JAMA Ophthalmol
More evidence that GLP-1 RA use ups the risk of optic nerve damage
August 5, 2025

Study details: A case-control study used MarketScan data (2006–2022) to assess the association between GLP-1 RA exposure and nonarteritic anterior ischemic optic neuropathy (NAION). Adults with NAION (n=65,612) were matched with up to 10 controls (n=641,751) by age, insurance year, and history of T2DM or obesity. GLP-1 RA exposure was categorized by ever-use and duration (1, 2, or ≥3 years) of dulaglutide, liraglutide, semaglutide, or exenatide.

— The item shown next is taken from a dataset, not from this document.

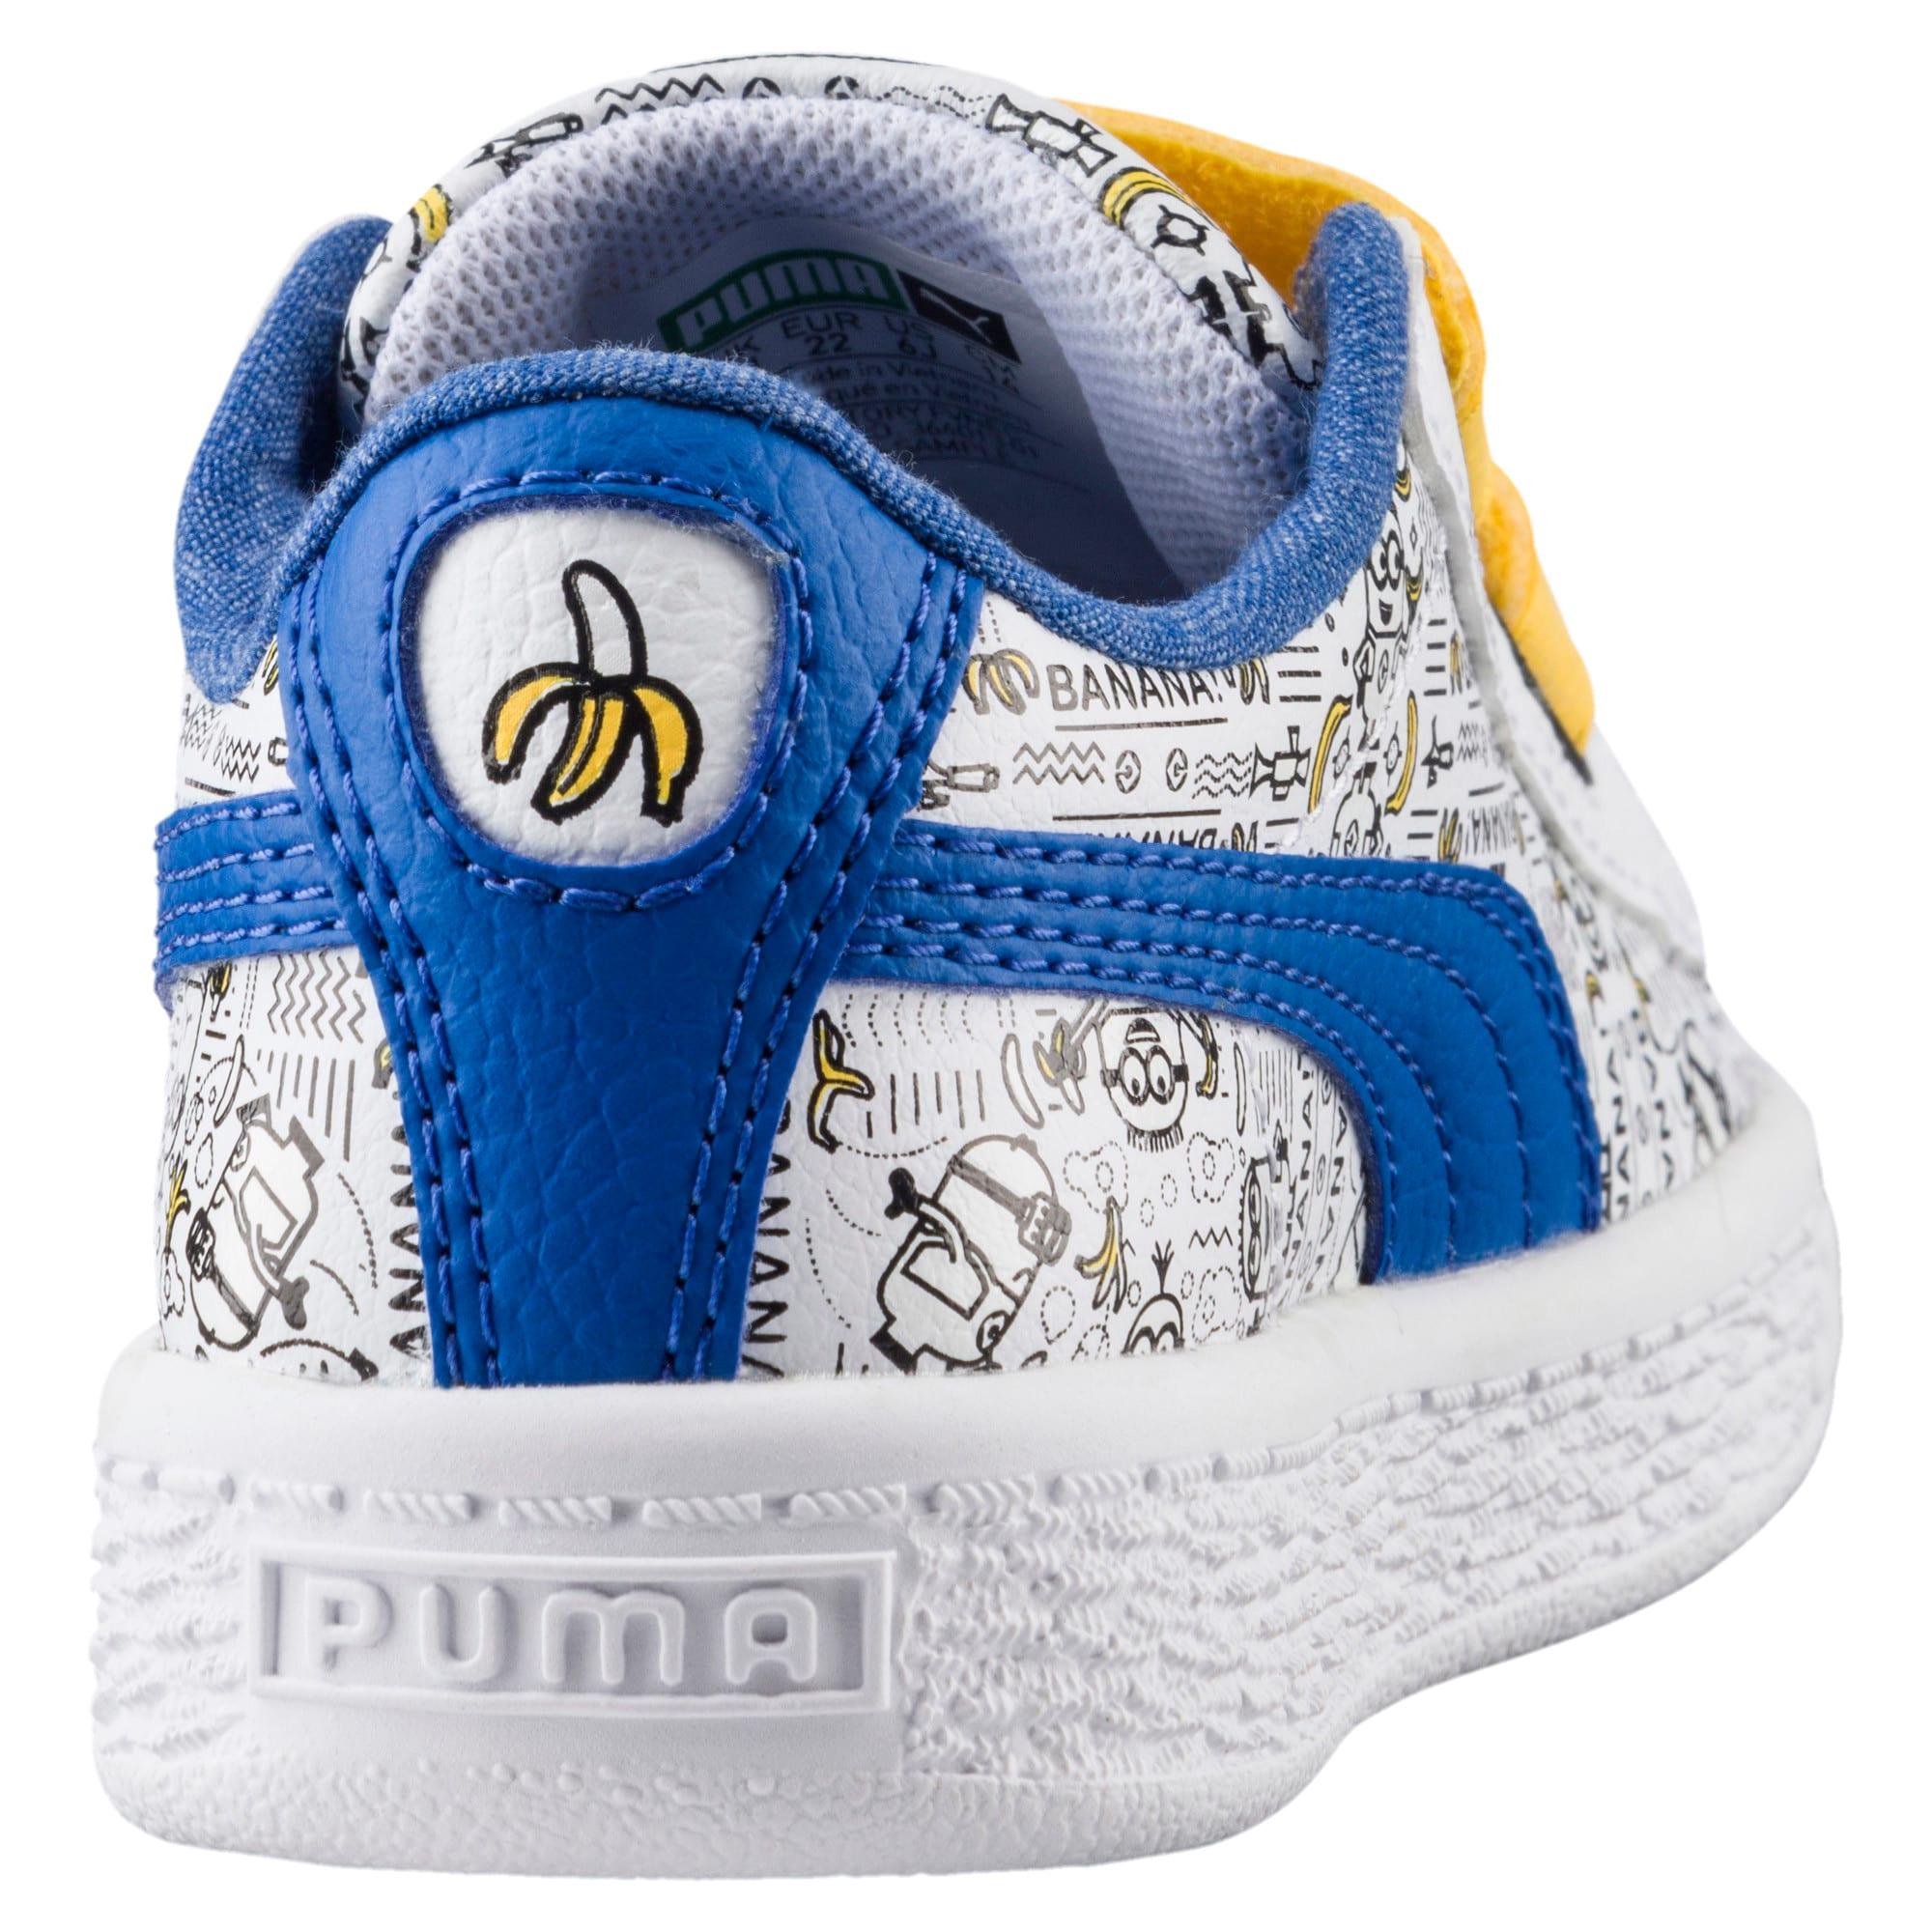 Thumbnail 4 of Minions Basket Little Kids' Shoes, Puma White-Lapis Blue, medium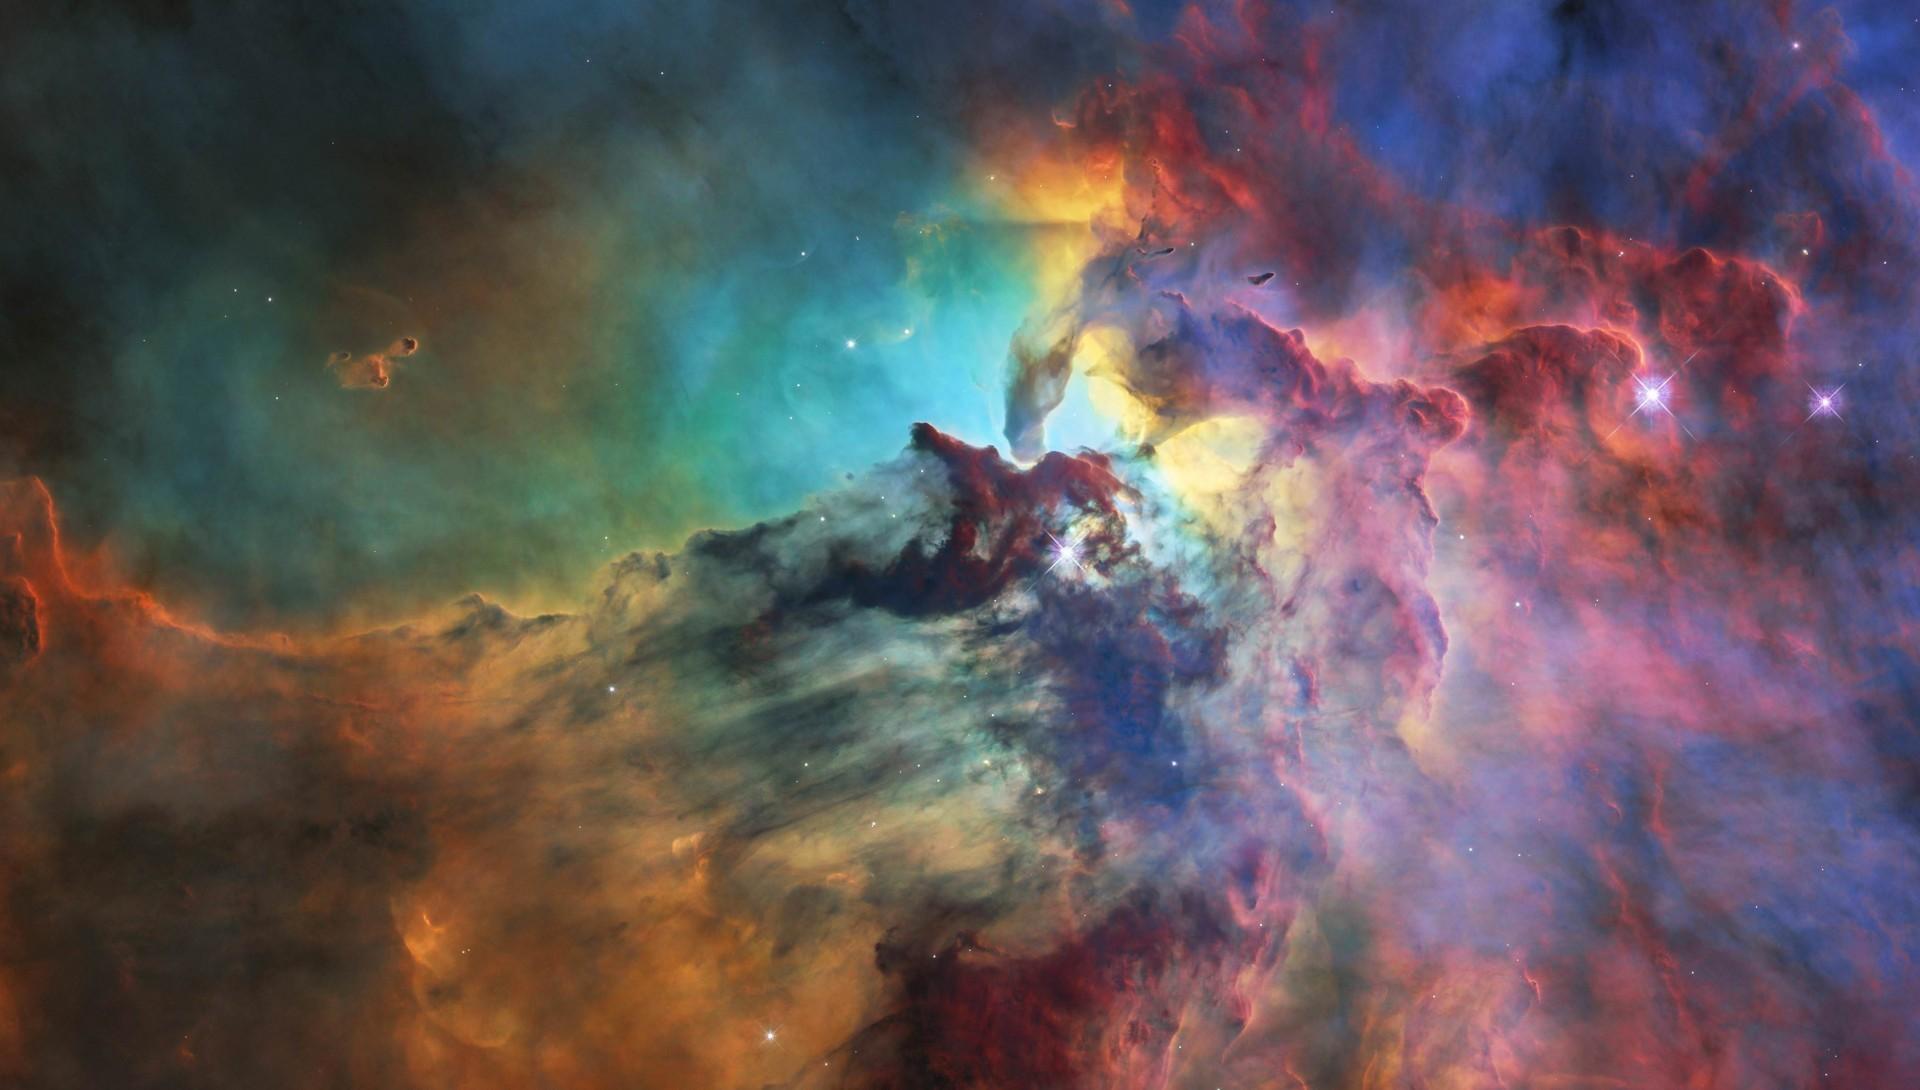 Lagoon Nebula Colorful Galaxy 1920x1090 Download Hd Wallpaper Wallpapertip

Results: Any GLP-1 RA use was associated with a 19% increased odds ratio (OR) of NAION in the first year. Among patients without T2DM or obesity, GLP-1 RA use was associated with a twofold increase in NAION risk, with liraglutide showing the strongest association (OR 2.32; 95% CI, 1.04–5.20). Semaglutide use among patients with T2DM was associated with a 24% increased odds (95% CI, 0.93–1.66).
Clinical impact: GLP-1 RA therapy may be associated with an increased risk of NAION, particularly in patients with obesity. Consider ophthalmologic evaluation for at-risk individuals and weigh the therapeutic benefits against rare but serious ocular risks.